His friend was a hard working man who always worked odd jobs on the nights and weekends. He did repair work and handyman services on Craigslist from time to time. He hauled firewood in the winter.
And while his friend made the extra money, he saved a portion of it for himself over time.
Oddly, his friend never asked for money to grow or expand his business. Instead, they would hang out, drink beer, and watch football as they always did.
Life was good for both men.
Then one day the man who inherited the money started getting phone calls from those who he invested in. They needed more money for sales and marketing and infrastructure and many other things he didn’t understand, but they sounded important.
Things were going well, so he kept investing. After a while, 90% of what he inherited was invested and the other 10% went to service the debt on his house and cars and lifestyle.

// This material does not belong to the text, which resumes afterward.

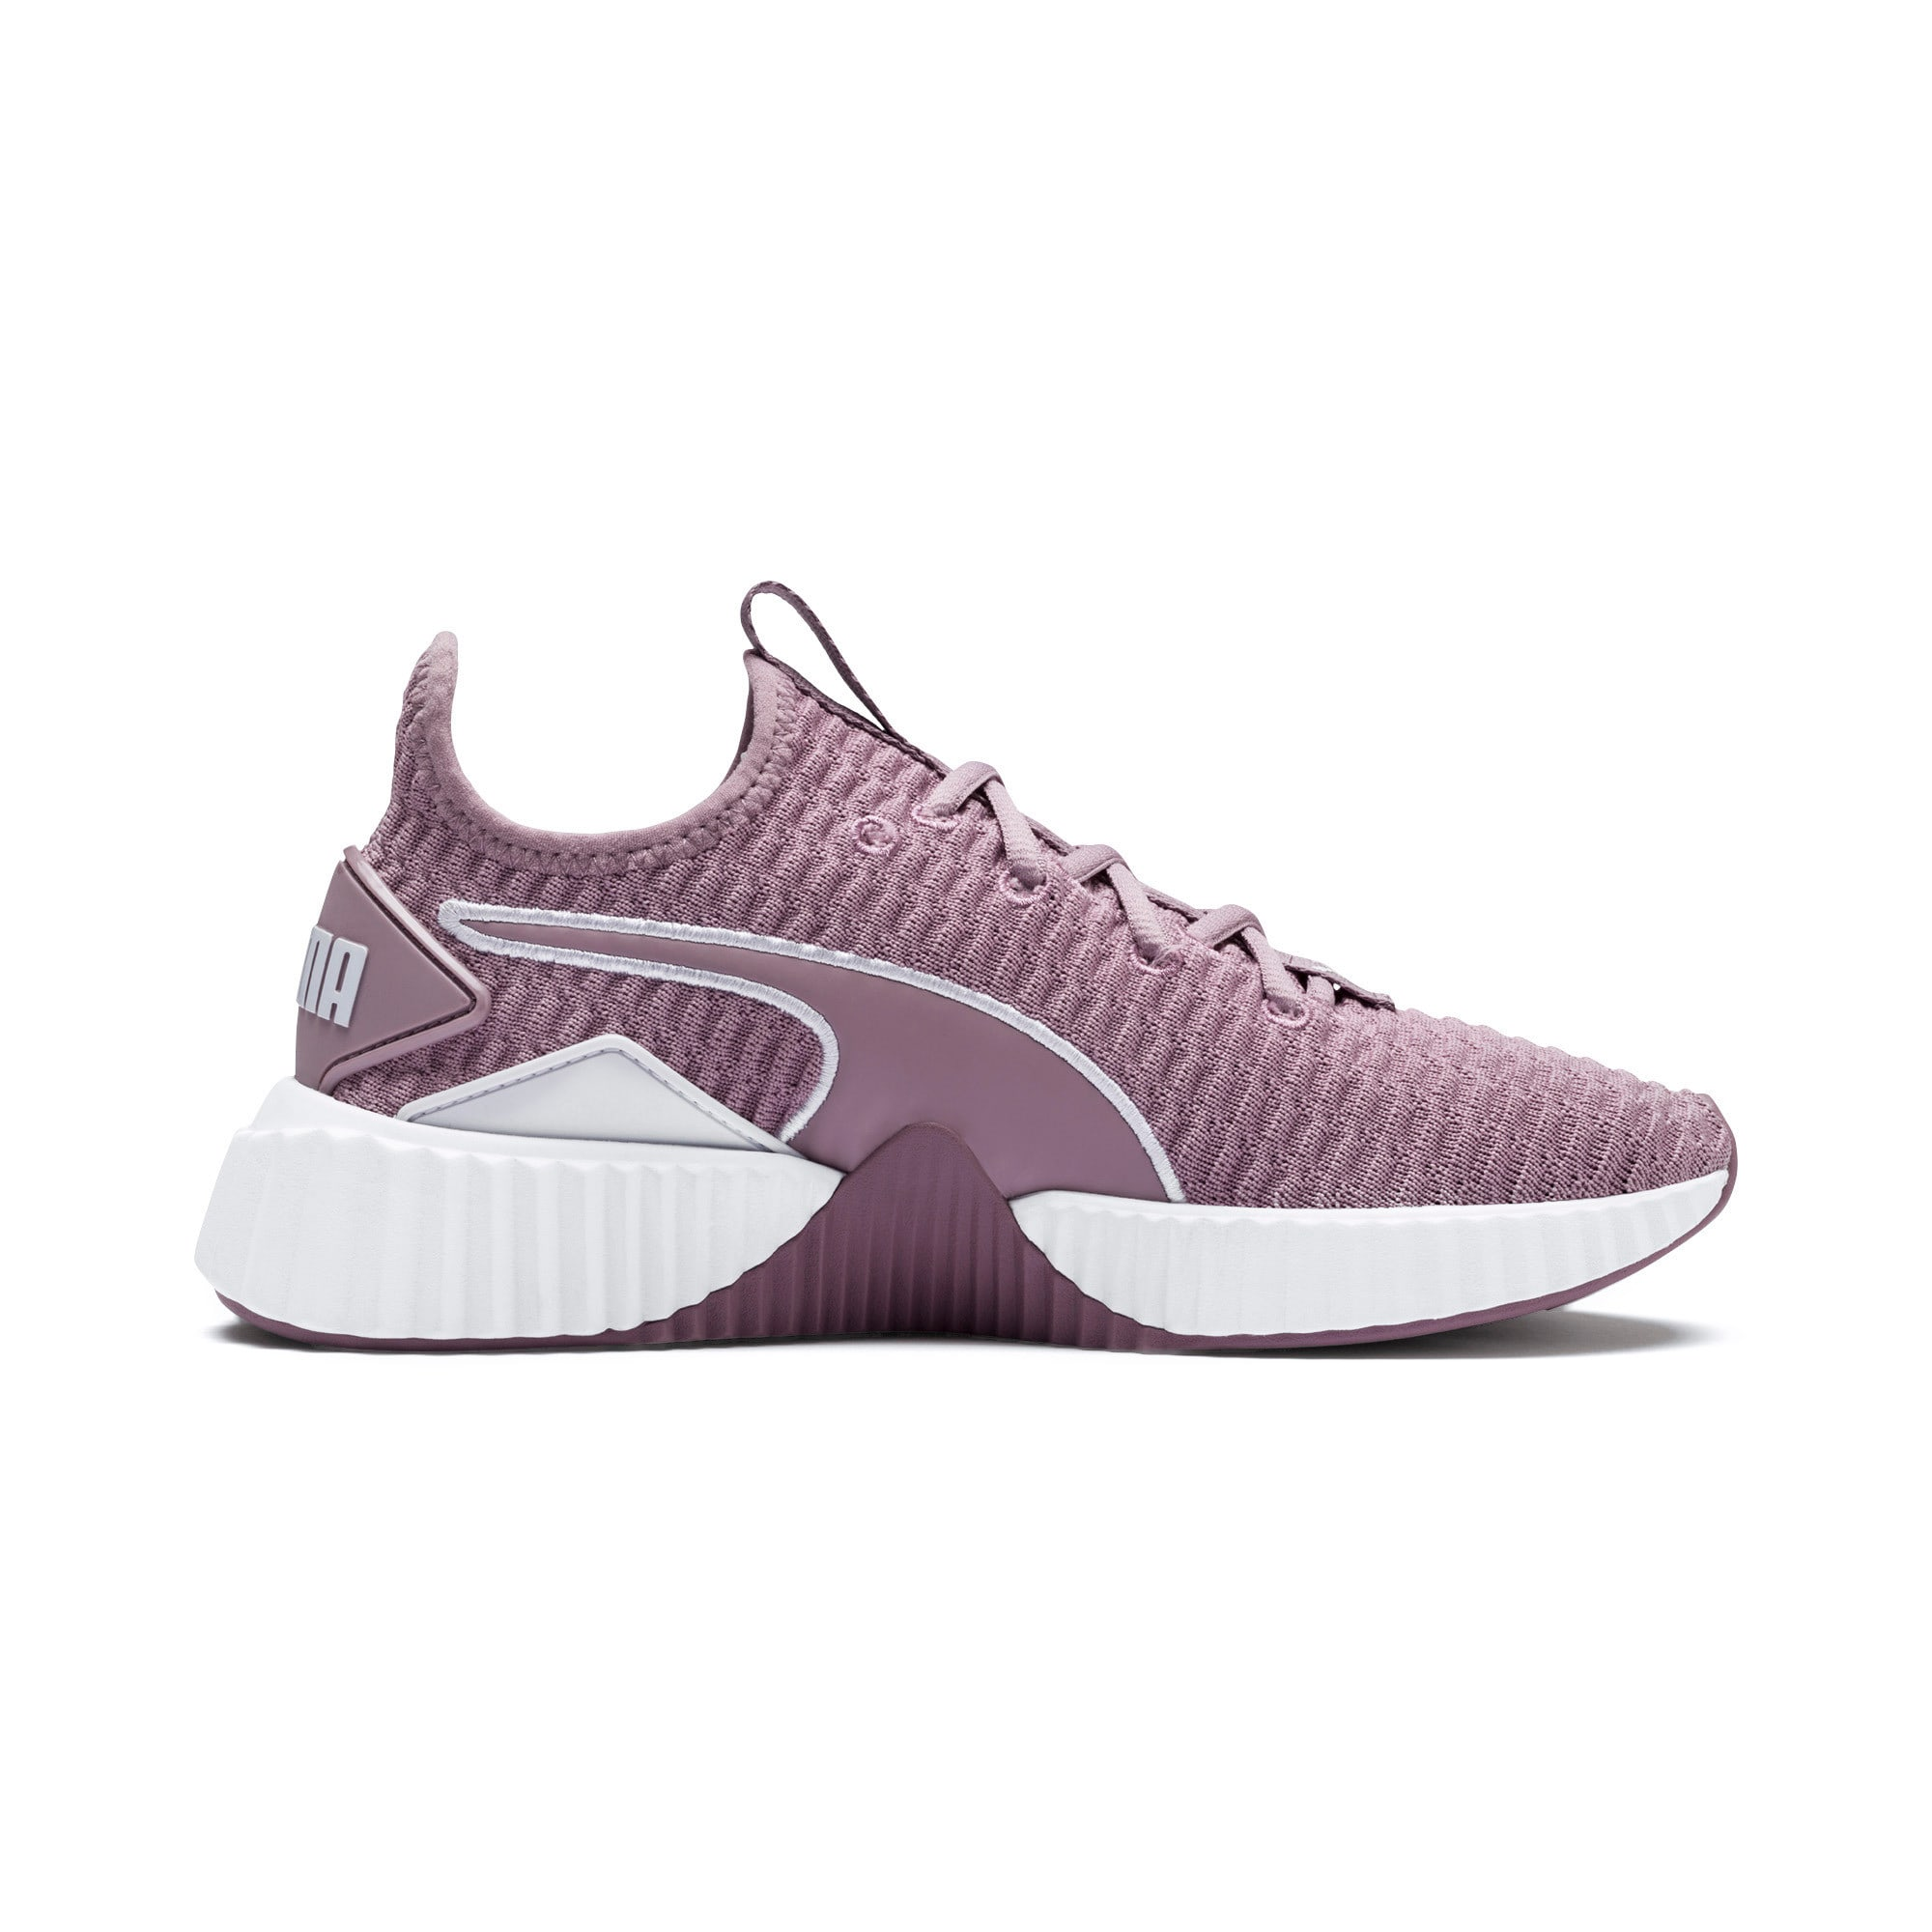 Thumbnail 5 of Defy Women's Training Shoes, Elderberry-Puma White, medium

Running out of cash, the man started to call in on his investments only to hear excuses why he couldn’t take his money out. As it turns out, the money was all spent and the investments were drowning in debt.
Even if he tried to get his money out, he wasn’t the first creditor and he realized he had lost nearly all that he had.
The house, the cars, the lifestyle all went away and the man found himself back as a construction worker with his friend.
But now, the friend had saved and invested in his side business enough that it was a thriving enterprise. They had many construction projects of an ever growing size.
Despite the danger of running a construction operation, cash flow was stable and there was money in reserve.
The first man lost everything because he invested in what he didn’t understand and never took the time to become an expert on it. His friend invested what little he had into what he knew was profitable and always had a reserve just in case.
The point is, the best ROI is a terrible metric for investment if you don’t understand what you are investing in. Be smart and invest in what you know and have some control over.